Closed abhijitcbio closed 1 year ago
Thank you! As mentioned in the README, this file is generated based on examining the SNParray-based copy number calls for TCGA tumors and deciding on the probable boundaries of telomere and centromere for each chromosome arm. The underlying logic is that we expect higher breakpoint density in telomeric and centromeric regions and we used that to determine approximate start and end of p
and q
arms of each chromosome.
If you are trying to make another version of this file, I believe chromosome_info
, p_start
, p_end
, q_start
, and q_end
are the columns needed for main calculations. The remaining columns that are used for making some plots after the main peak finding calculations are q_start1
, and q_end1
, offset
, and middle_of_arm
. They are basically converting the coordinates as if chromosome are stacked one after the other from chromosome 1 to 22 (chromosome 2 starts where chromosome 1 ends etc.). I believe the rest of columns are not used at all anywhere in the code.

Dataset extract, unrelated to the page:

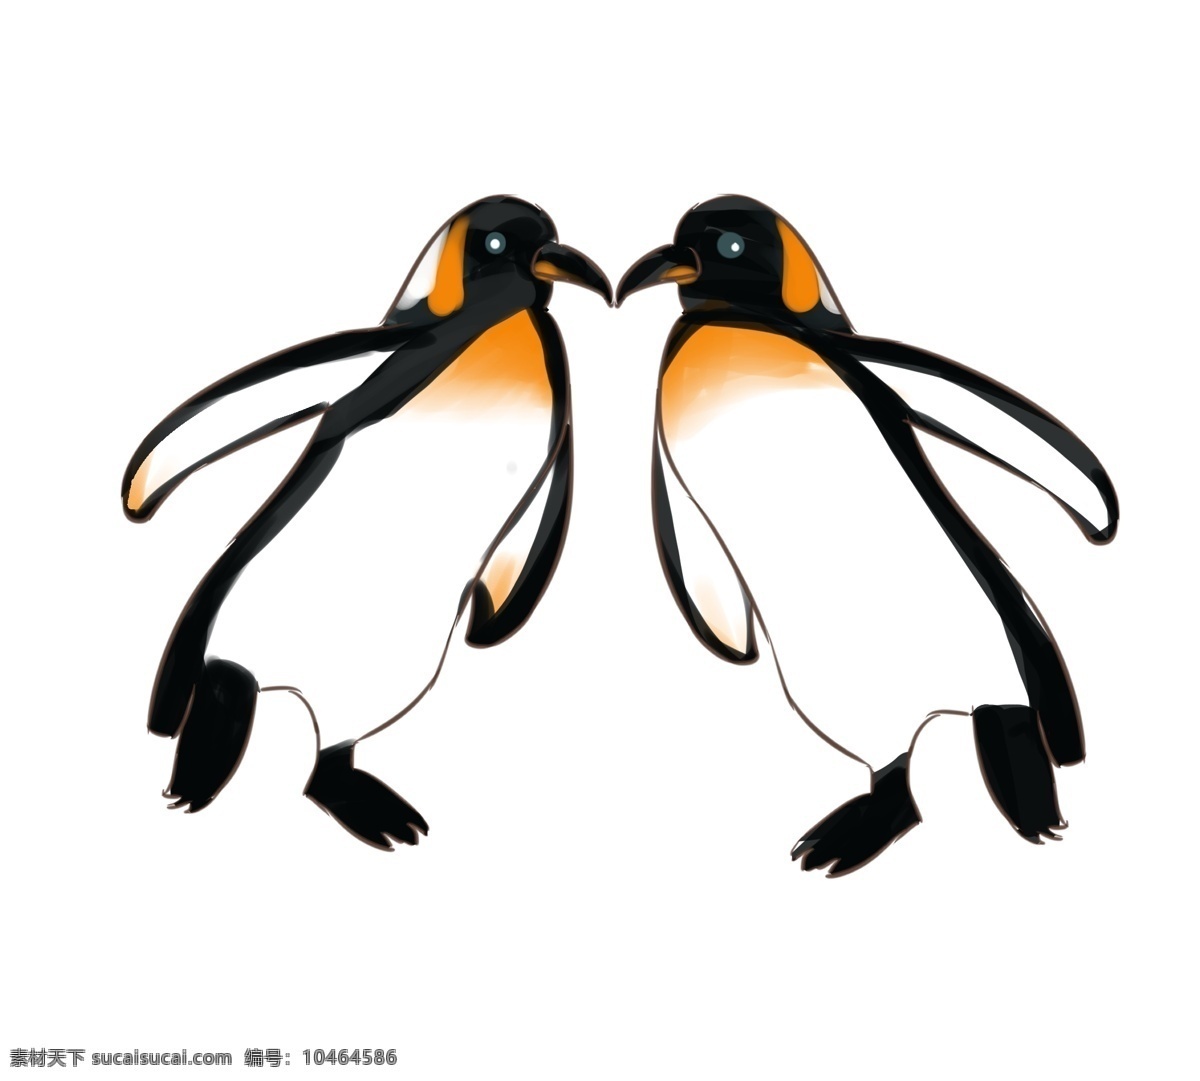 卡通 企鹅 插画 卡通企鹅 手绘企鹅插画 手绘插画 企鹅素材 企鹅元素 可爱企鹅 矢量卡通企鹅 卡通矢量企鹅 小企鹅 企鹅简笔画 卡通素材 矢量素材 矢量企鹅 手绘企鹅 企鹅插画 可爱卡通 可爱卡通企鹅 漫画企鹅 卡通设计

And for chromosome X, it's not looked at by the method. Sorry for the confusion, I should remove that. And the reason is that getting good copy number calls for chromosome X is difficult due to sex differences (and probably other reasons) and that can interfere with the analysis on the rest of the chromosomes when you build the background distributions. If you believe you have good copy number data for chromosome X, you need to modify the code so it includes chromosome X segments in the analysis.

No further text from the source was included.